═════ Information

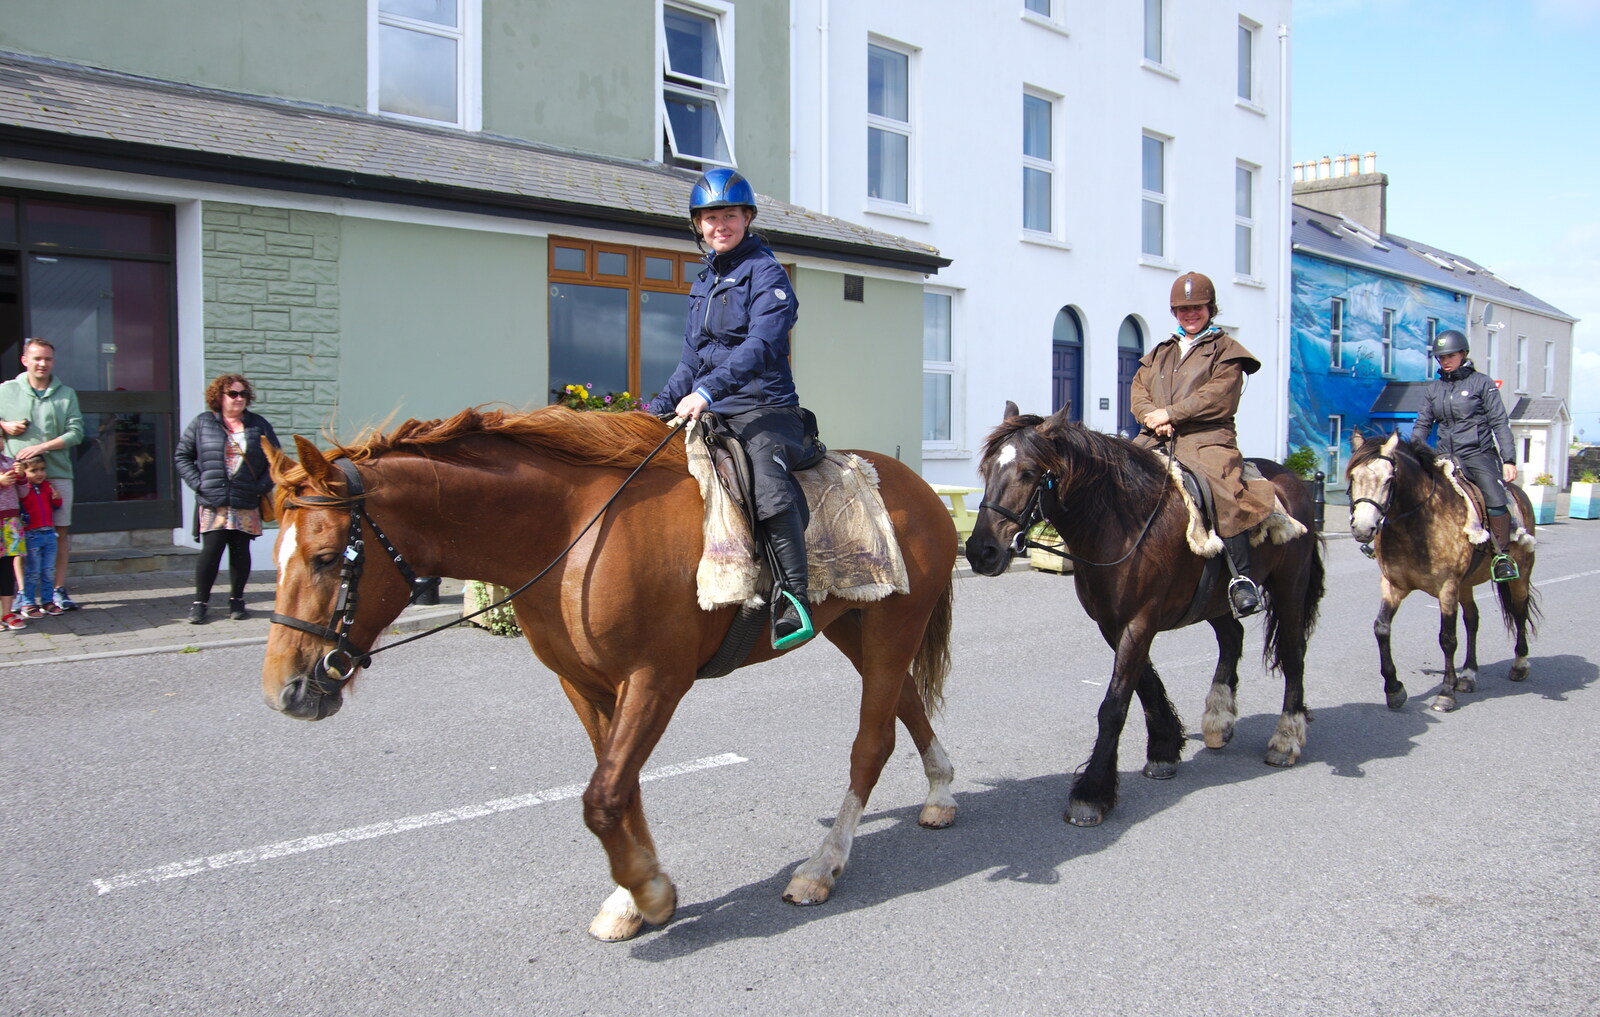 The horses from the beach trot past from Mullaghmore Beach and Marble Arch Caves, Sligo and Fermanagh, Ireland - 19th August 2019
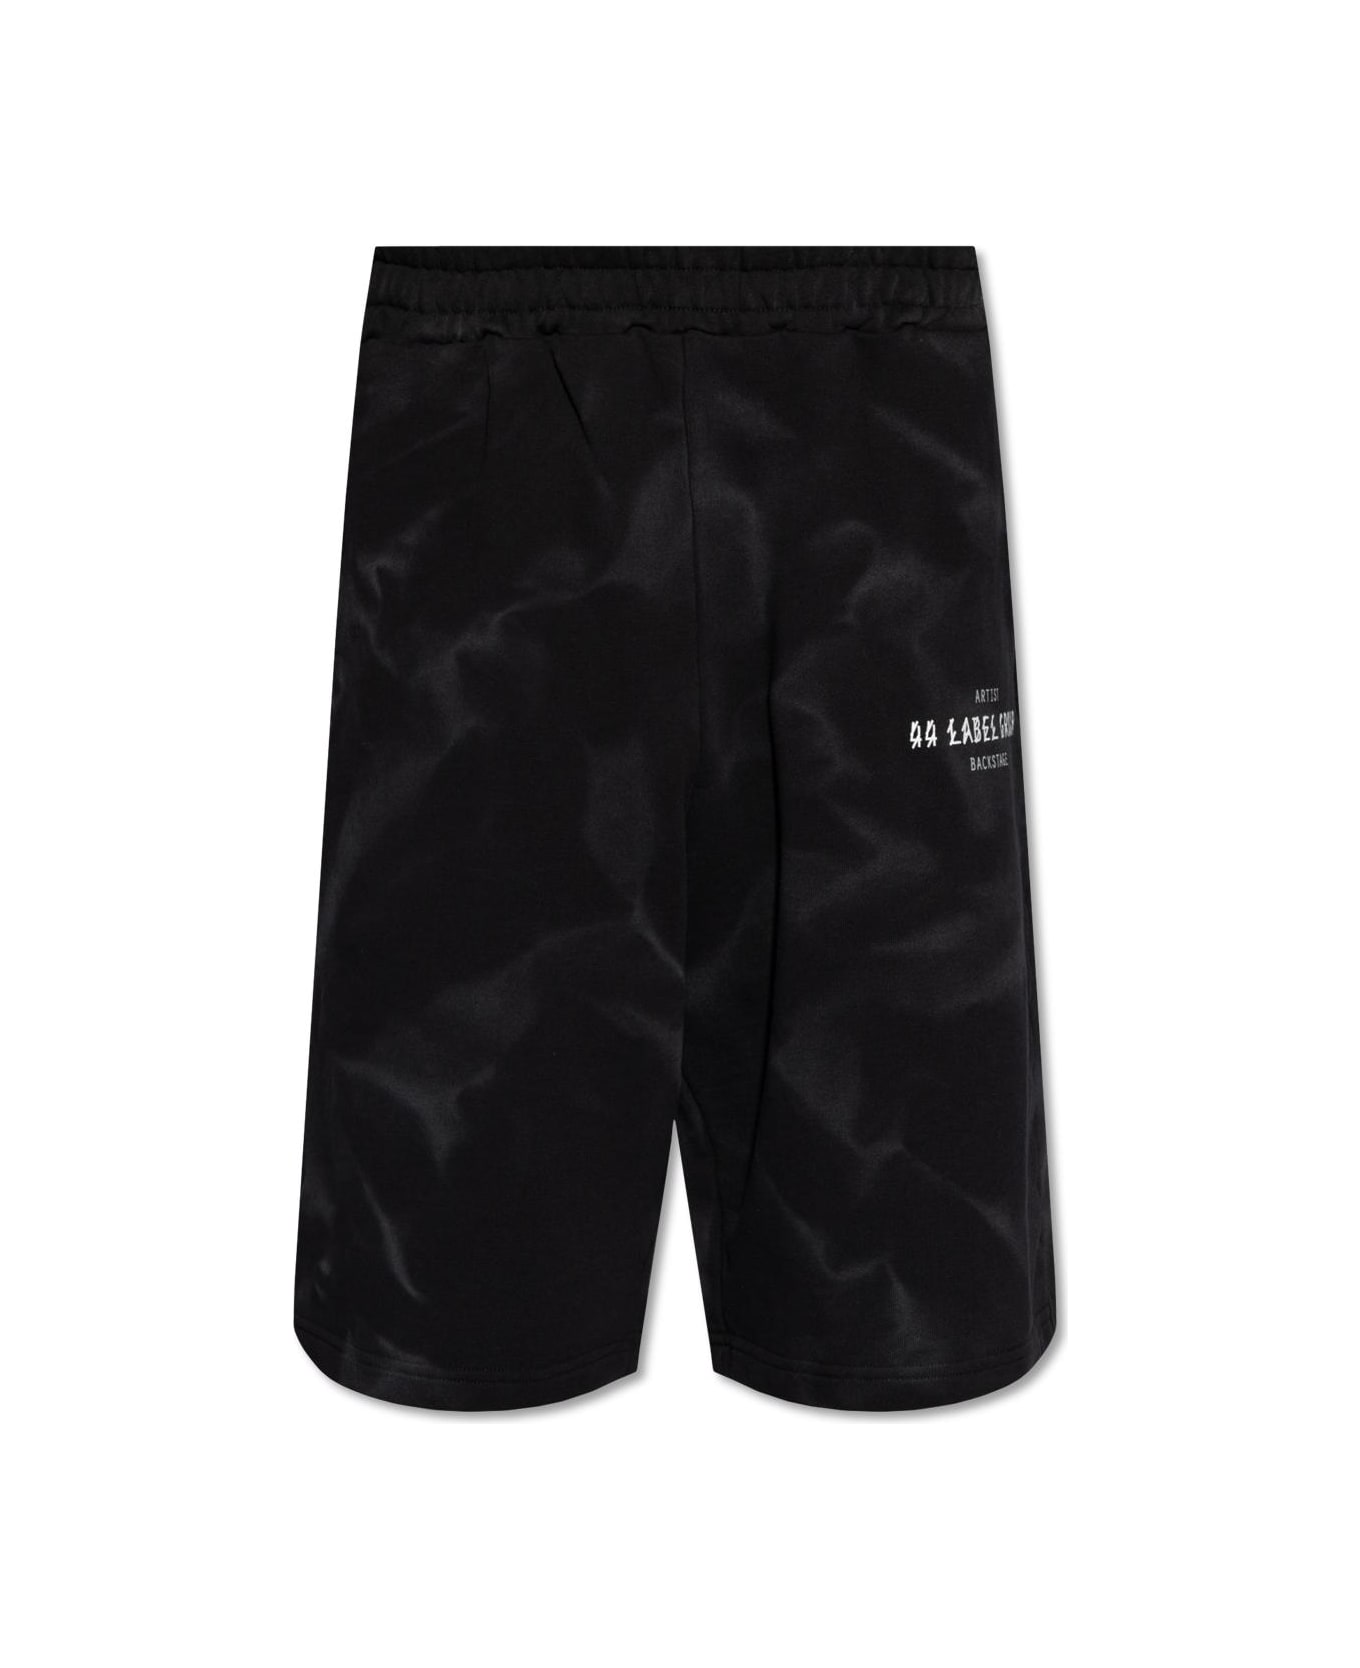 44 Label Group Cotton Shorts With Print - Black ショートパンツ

══════════
═════ Information

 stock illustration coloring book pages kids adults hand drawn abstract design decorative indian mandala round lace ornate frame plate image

══════════
═════ Information

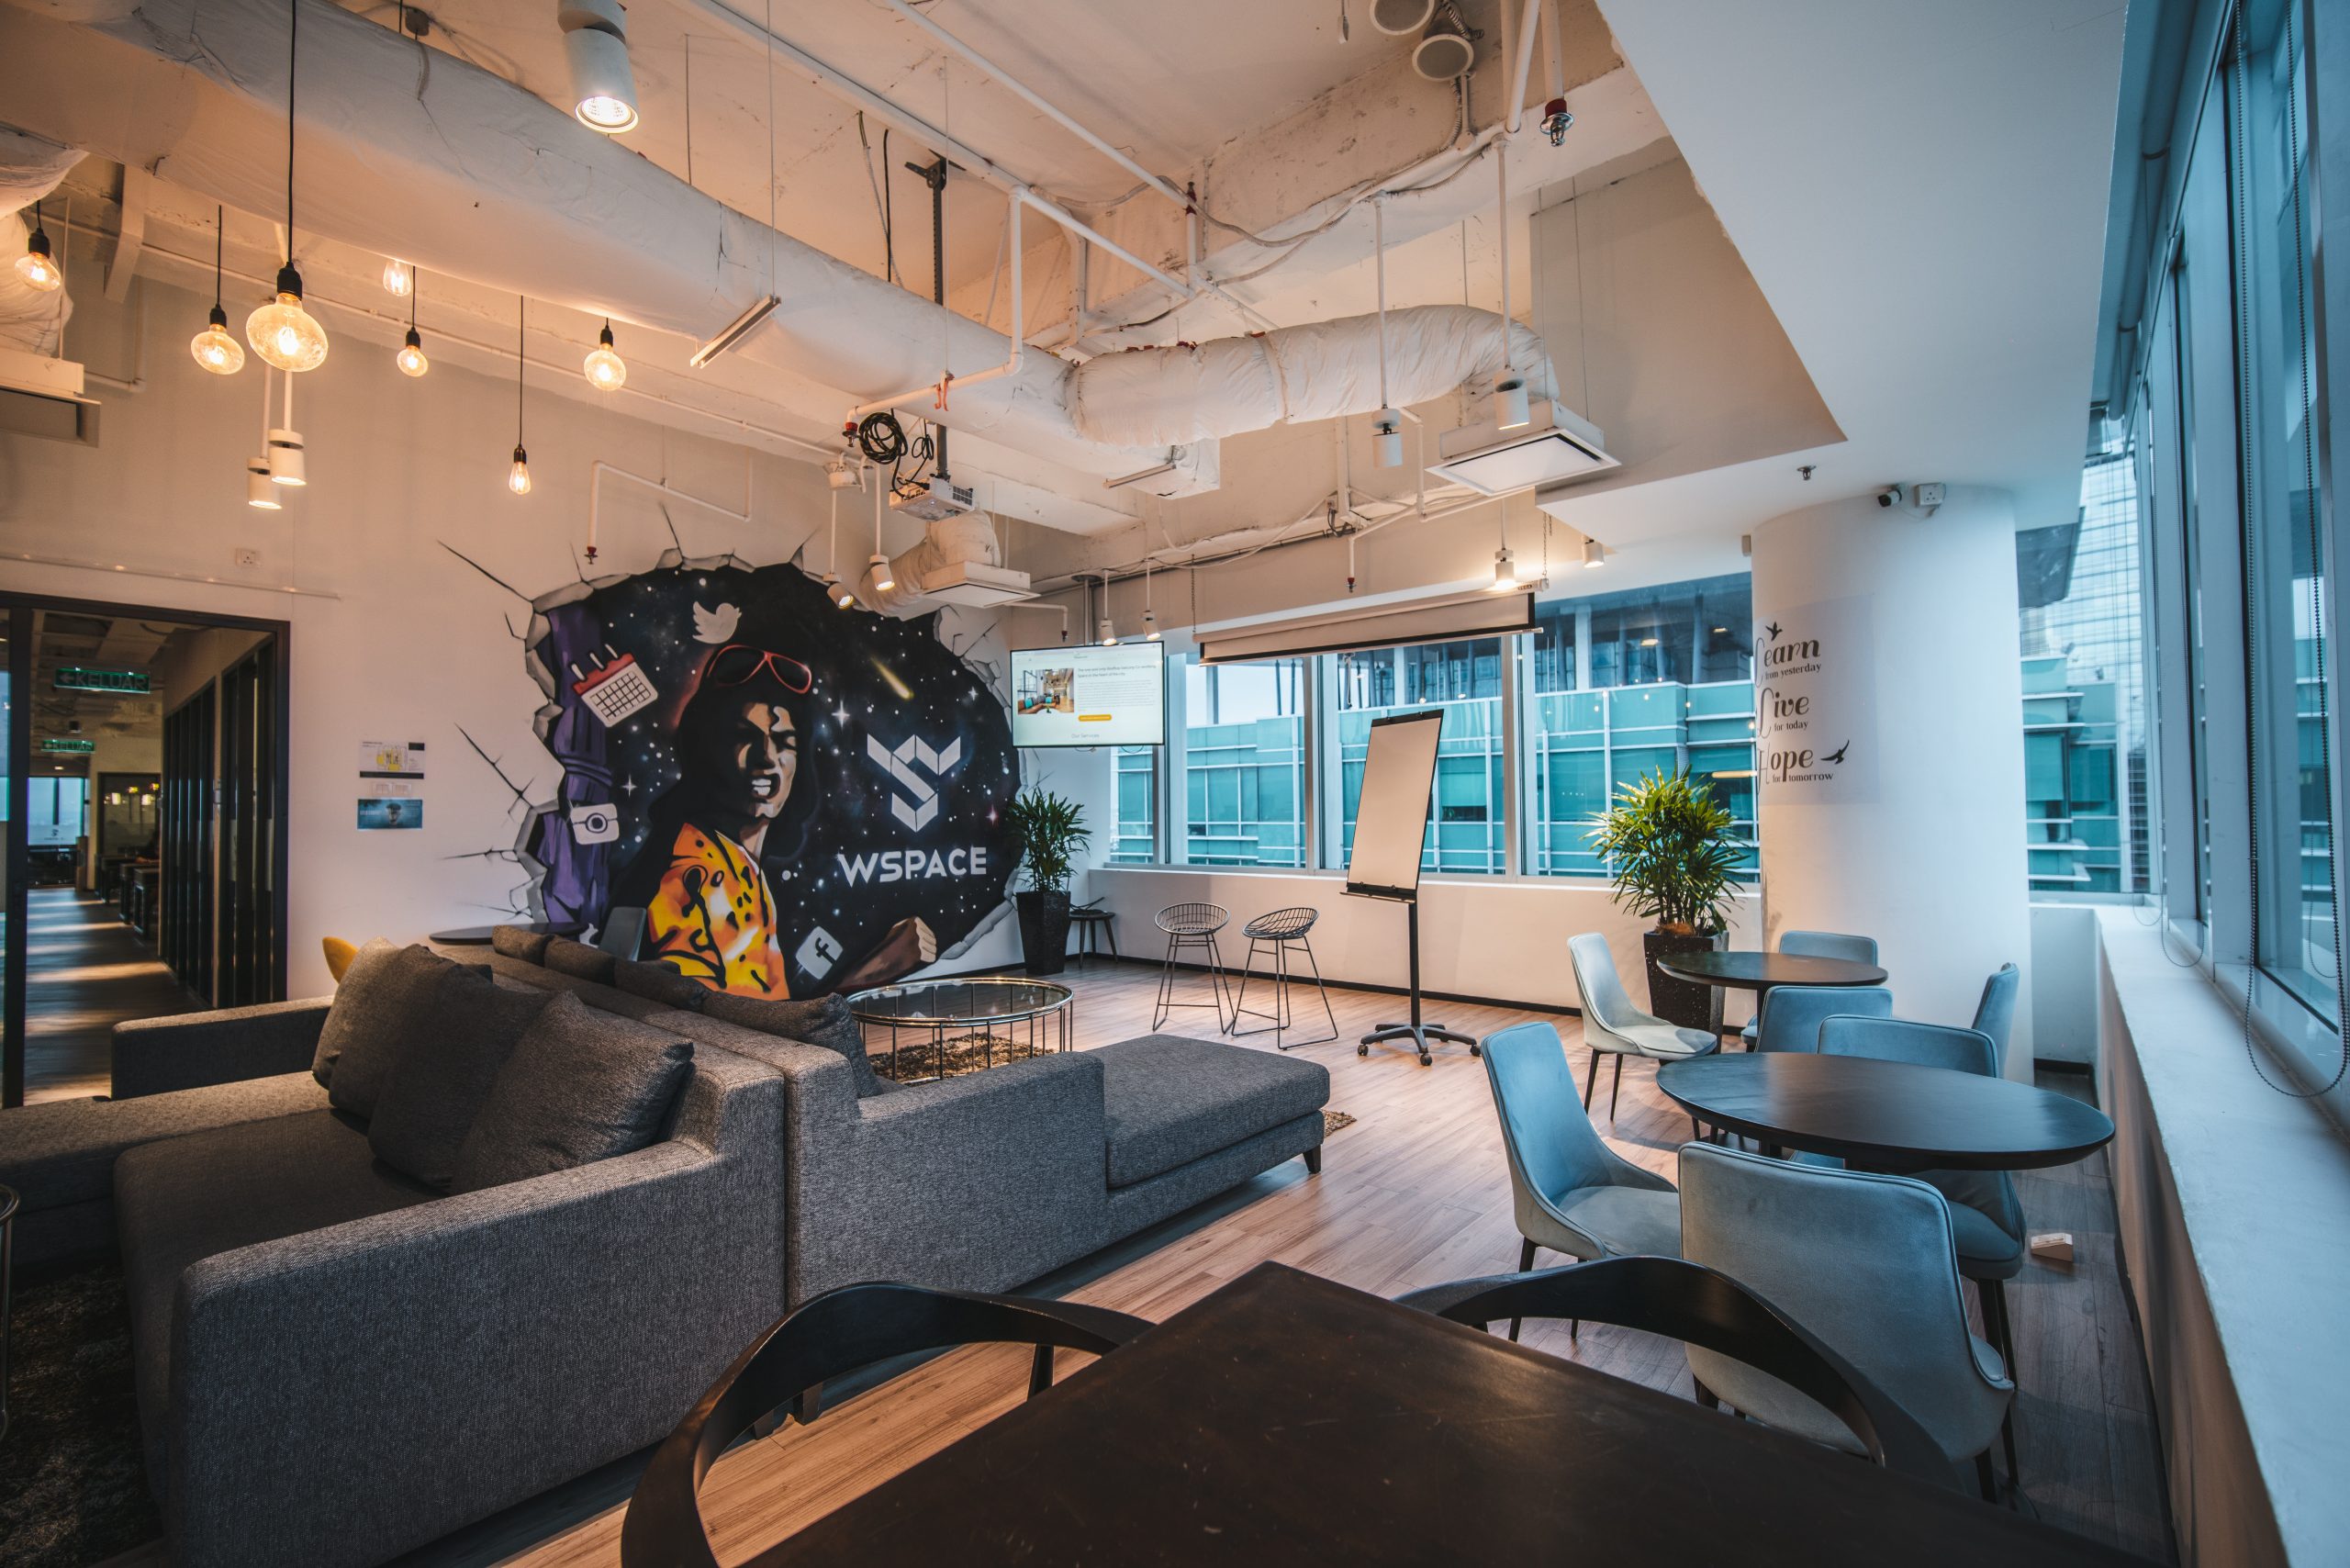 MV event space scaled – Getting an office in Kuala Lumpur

══════════

Exact copy, no pictures. Write out the lines in the entries above, starting with the line with "The horses from" and going on through the line with "44 Label Group", keeping both.

§ Output
 The horses from the beach trot past from Mullaghmore Beach and Marble Arch Caves, Sligo and Fermanagh, Ireland - 19th August 2019
 44 Label Group Cotton Shorts With Print - Black ショートパンツ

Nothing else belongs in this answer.